What Is Braai In South African


What Is Braai In South African ? To put it simply, a braai is the South African equivalent of an American barbecue. A common (and very frequent) practice in any South African household, a braai is a fundamental part of South African culture and is a gathering of friends and family around a wood-fire grill in celebration.

What do South Africans eat at a braai?

Lamb, beef, chicken, pork, springbok, warthog, ostrich, eland, kudu, seafood, steaks and boerewors… Almost nothing is off-limits at the braai! Each piece of meat is marinated and grilled perfectly, and it’s served with side dishes like salads and desserts.

What’s the difference between braai and barbecue?

The main difference between a braai and a BBQ has to be the fire. A braai just isn’t considered a braai if cooked on a gas grill. The fire also remains lit for the duration of the braai, even after the food’s been cooked. Guests will gather around the fire after eating and spend the rest of the day or evening there.

Importance of Braai In South African

The braai is an essential part of South African culture, and brings family and friends together in celebration for everything from birthdays to graduations to engagements and national holidays. It’s a moment to come together to share good food and feel the love around the fire.14 Oct 2020

Frequently Asked Questions About Braai In South African

What do you bring to a braai?

If you’re invited to a “chop ‘n drop” braai, you’re expected to bring your own meat and wine/beer. If you’re invited to a “bring and braai,” it means the only thing the host is providing is a fire, so bring the rest. Pro tip: If the rugby is on, for the love of god – make sure you know who’s playing.

What country is braai from?

South Africa

What is the origin of the braai? The word “braai” originated in the old Dutch colony of South Africa many years ago. It is believed that the word “braden” (to roast in Dutch) evolved over time to create the word we use today.

Why do South Africans call a barbecue a braai?

) comes from the Dutch ‘braden’, meaning ‘to grill’. It is an abbreviation of braaivleis meaning ‘grilled meat’. So, the word is originally from the language and culture of Afrikaner people in Southern Africa. Having a braai is a social custom not only in South Africa but also in Namibia, Zimbabwe, and Zambia.

What meat should you braai first?


Braai meat should have a specific order of appearance. Chicken takes the longest to cook, steak takes the shortest, so always put chicken on the braai first, and steak on last. Between the two, you can throw on the wors, chops, and whatever else you’re braaiing.

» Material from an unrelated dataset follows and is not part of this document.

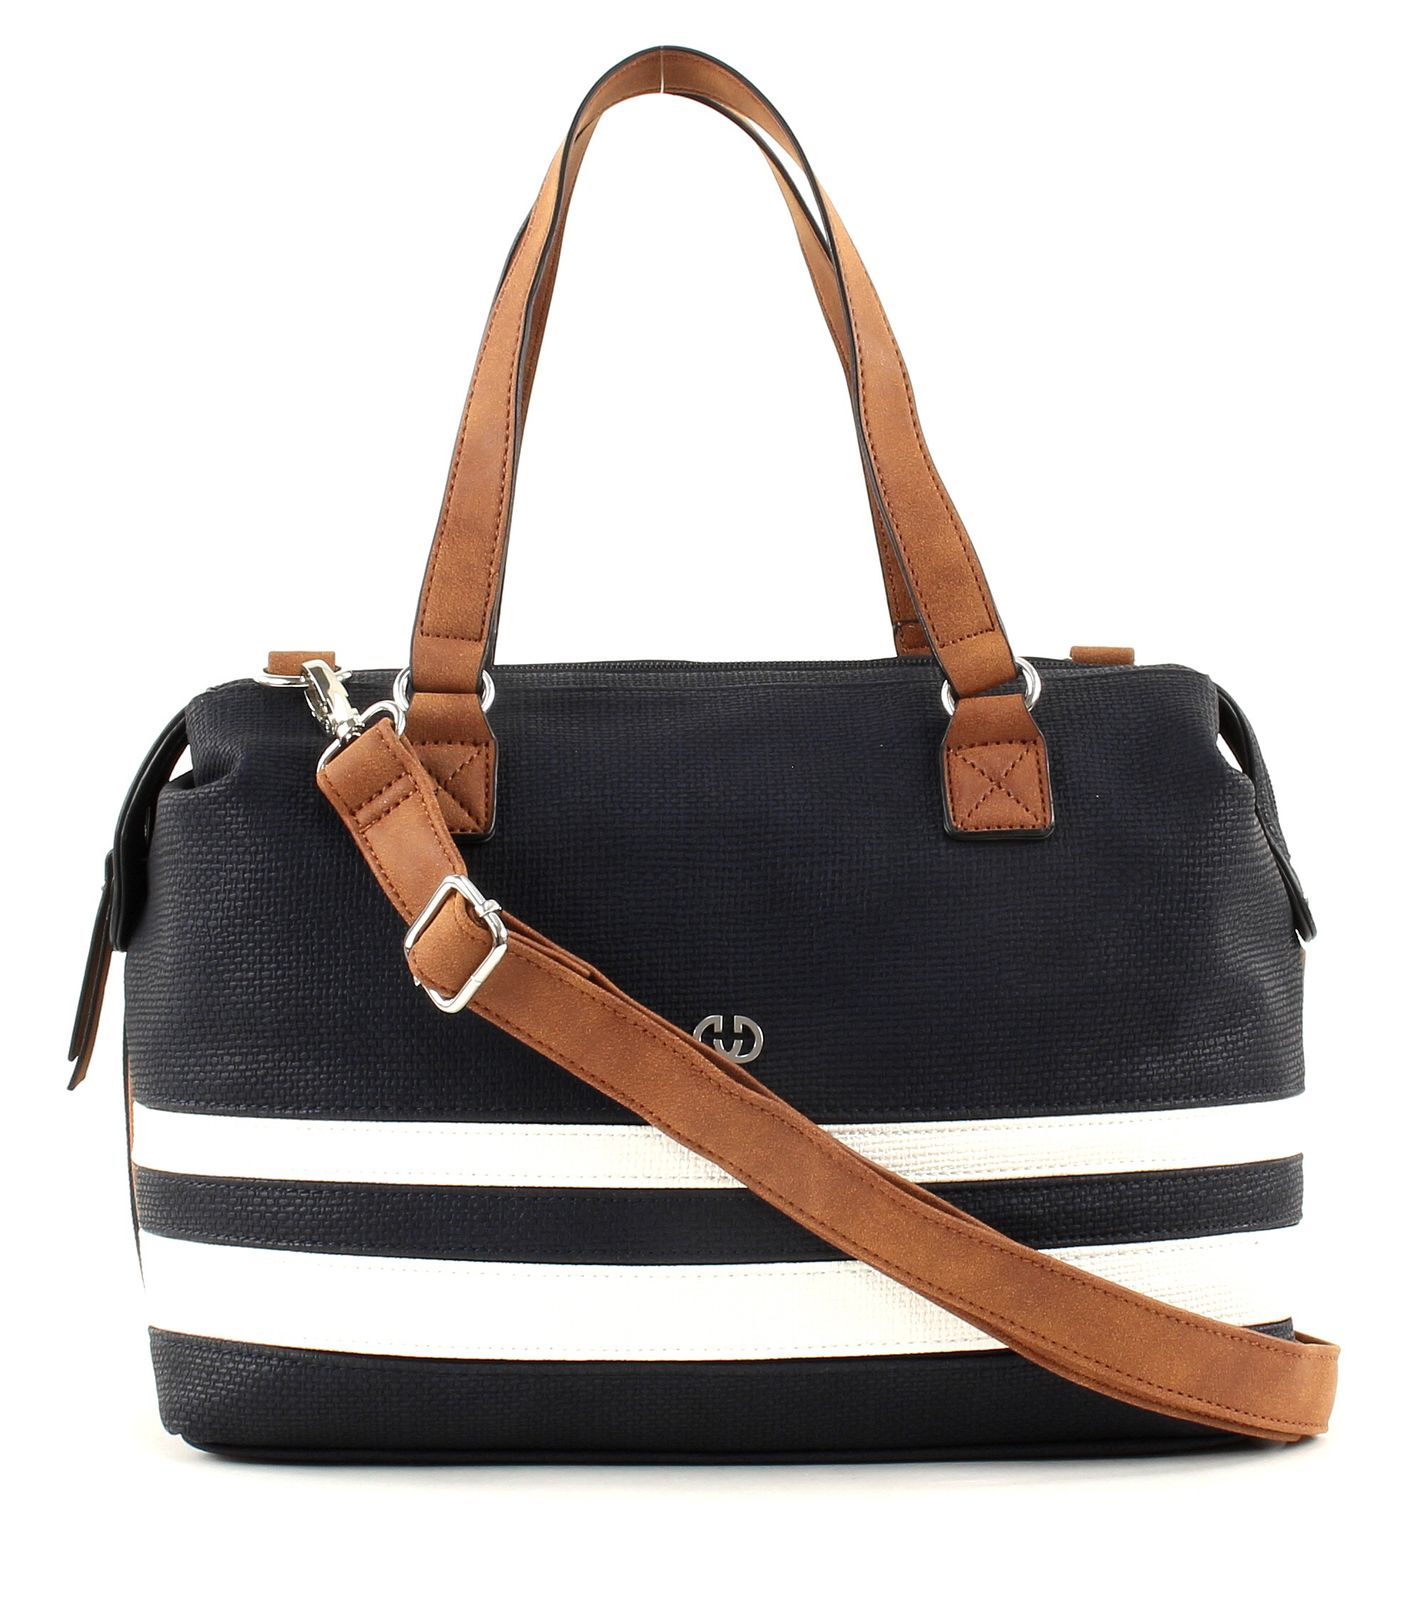 gerry weber summer wish handbag mhz handtasche. Black Bedroom Furniture Sets. Home Design Ideas

Is eating braai meat healthy?

High temperature cooking includes pan frying or grilling over an open flame, braai’ing and smoking meats. Research has shown that high consumption of well-done, fried or braai’ed meat increases risk of colorectal, prostate and pancreatic cancer2

How is braai prepared?

5 Steps to Build the Best Braai

  1. Step 1: Gather Your Materials. Get everything you need to begin the braai building process. …
  2. Step 2: Start the Fire. Place half of your kindling in the centre of the braai area so that it looks like a mini bonfire. …
  3. Step 3: Maintain the Flame. …
  4. Step 4: Place the Meat. …
  5. Step 5: Enjoy!

What is braai meat called?

To “braai” or barbeque (Bar-B-Q) meat is a South African tradition. We usually do it once or twice a week, probably more. It’s a chance to get your friends and/or family together, sip some wine or down a couple of cold ones.

How long do you braai meat?

Steaks cut to a thickness of 2,5cm to 3cm, braaied on extremely hot coals and a 10cm grid height take about 7 minutes in total to become medium rare. After 2 minutes turn the steaks. After another 2 minutes, turn them again; now turn after 1:30 more minutes, and then a final 1:30. They are now ready.

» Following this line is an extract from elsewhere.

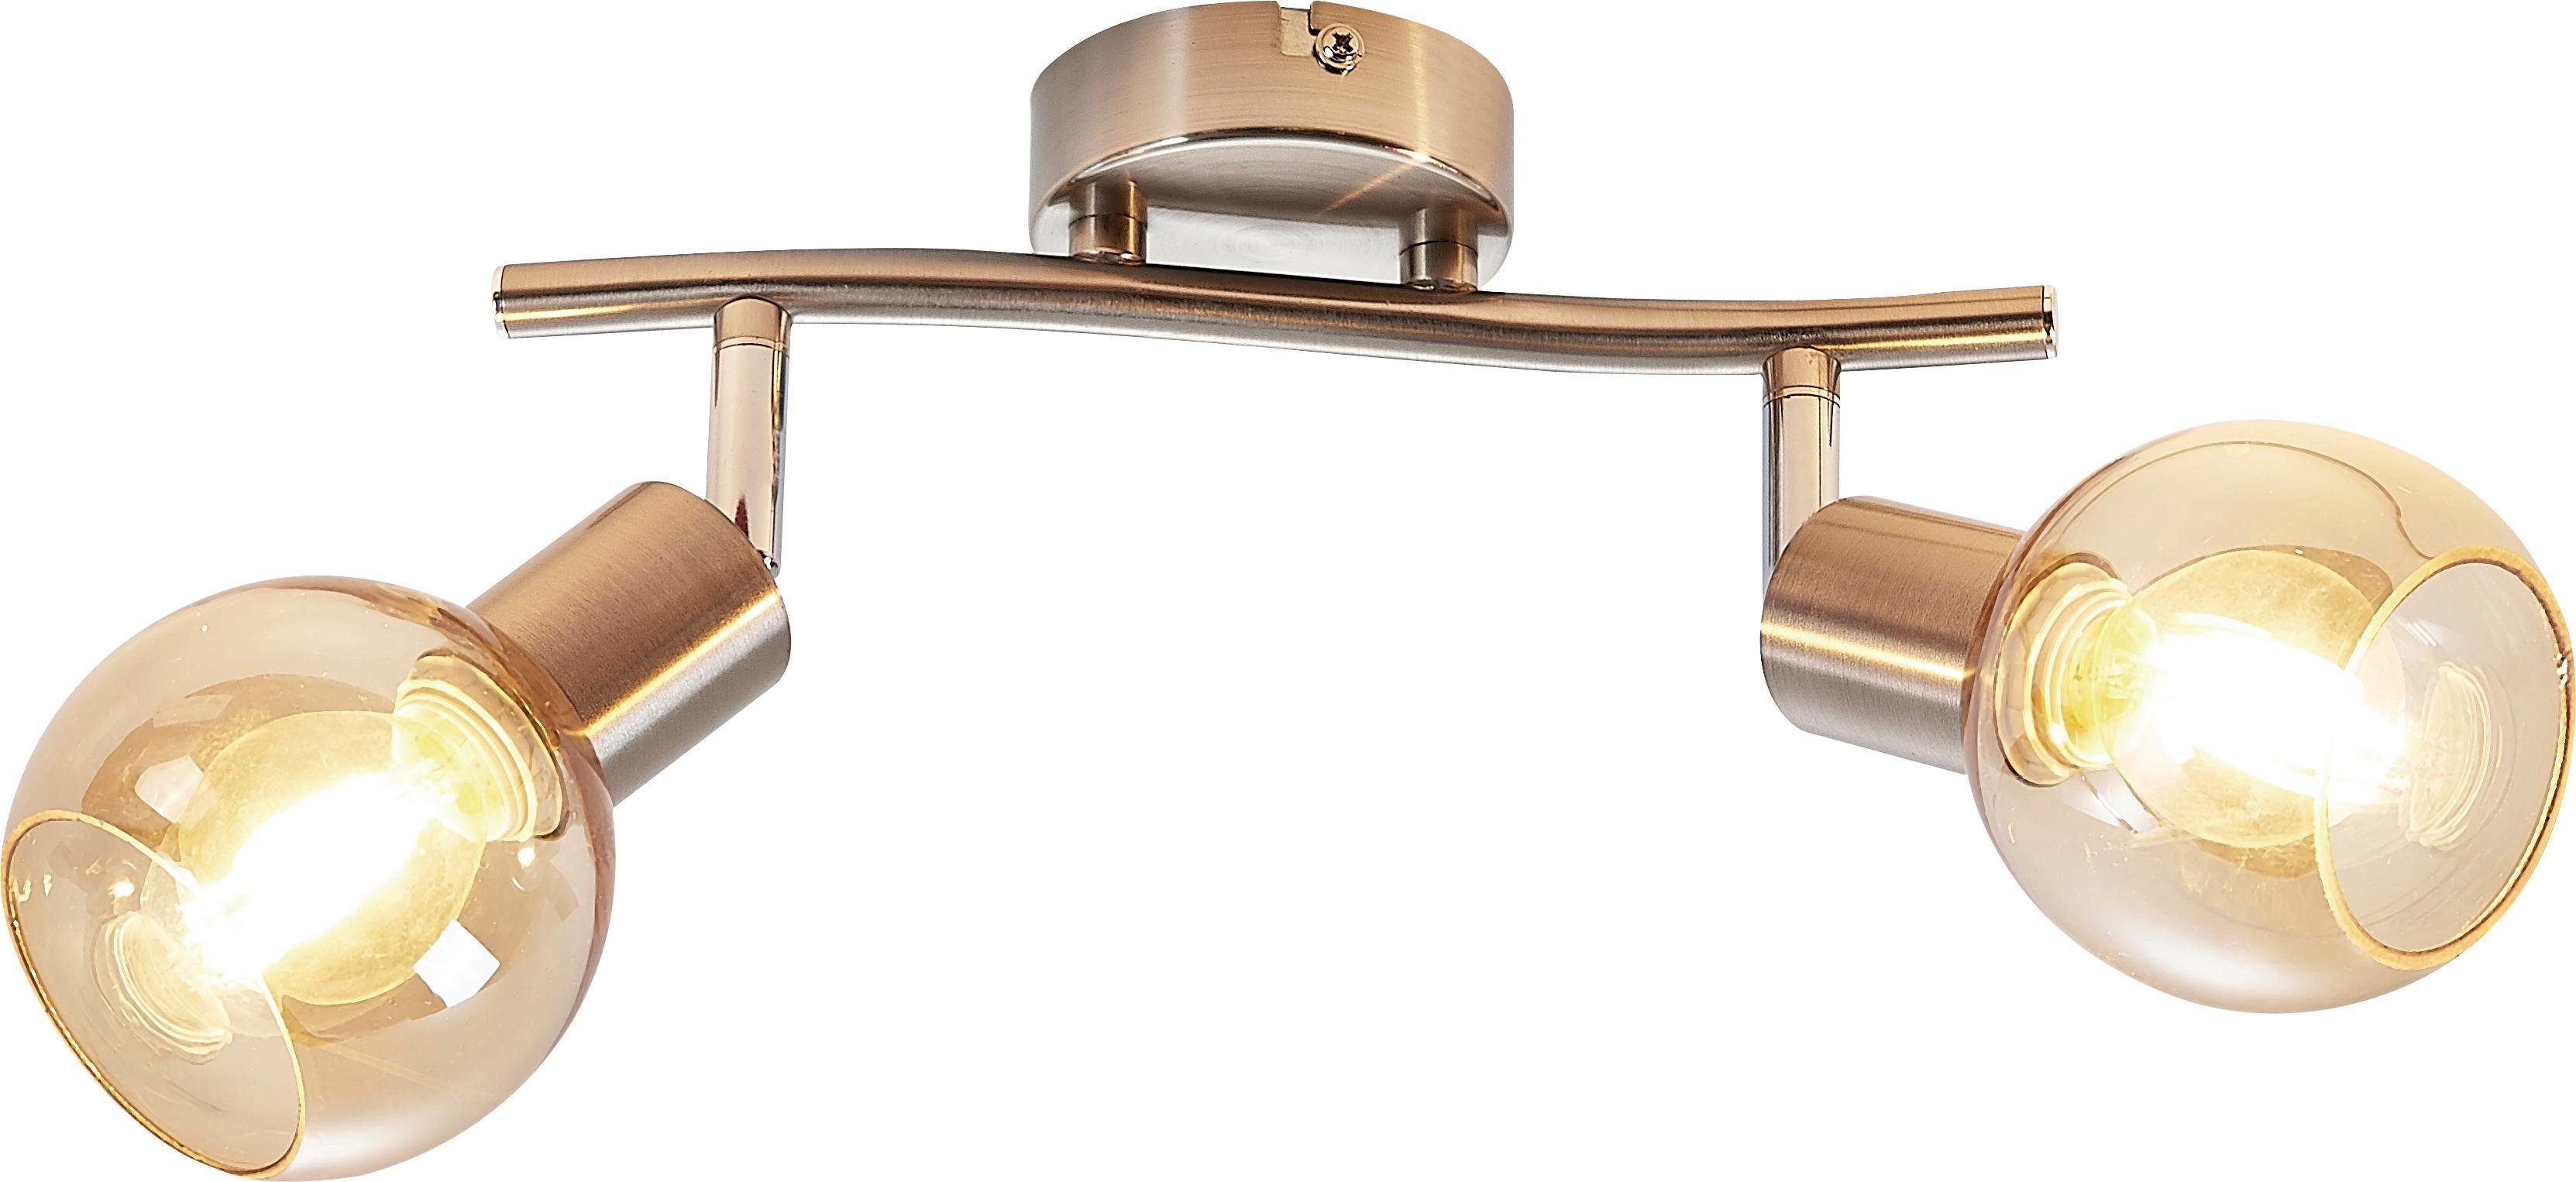 Nino Leuchten LED Deckenspot »CASTELLO«, 2-flammig

What happens when you eat too much braai meat?

You could increase your risk of diseases like certain cancers and cardiovascular illness. Studies have consistently linked higher consumption of red and processed meat to increased risk of certain cancers, as well as cardiovascular disease.

How do you braai meat without burning it?

Turn up the heat

The rule of thumb is that if you can hover your hand over the braai grid for seven to ten seconds without pulling it away from burning, it’s ready for your meat to go on. Pork cuts are quite delicate in texture and benefit from longer braaing at less intense heat.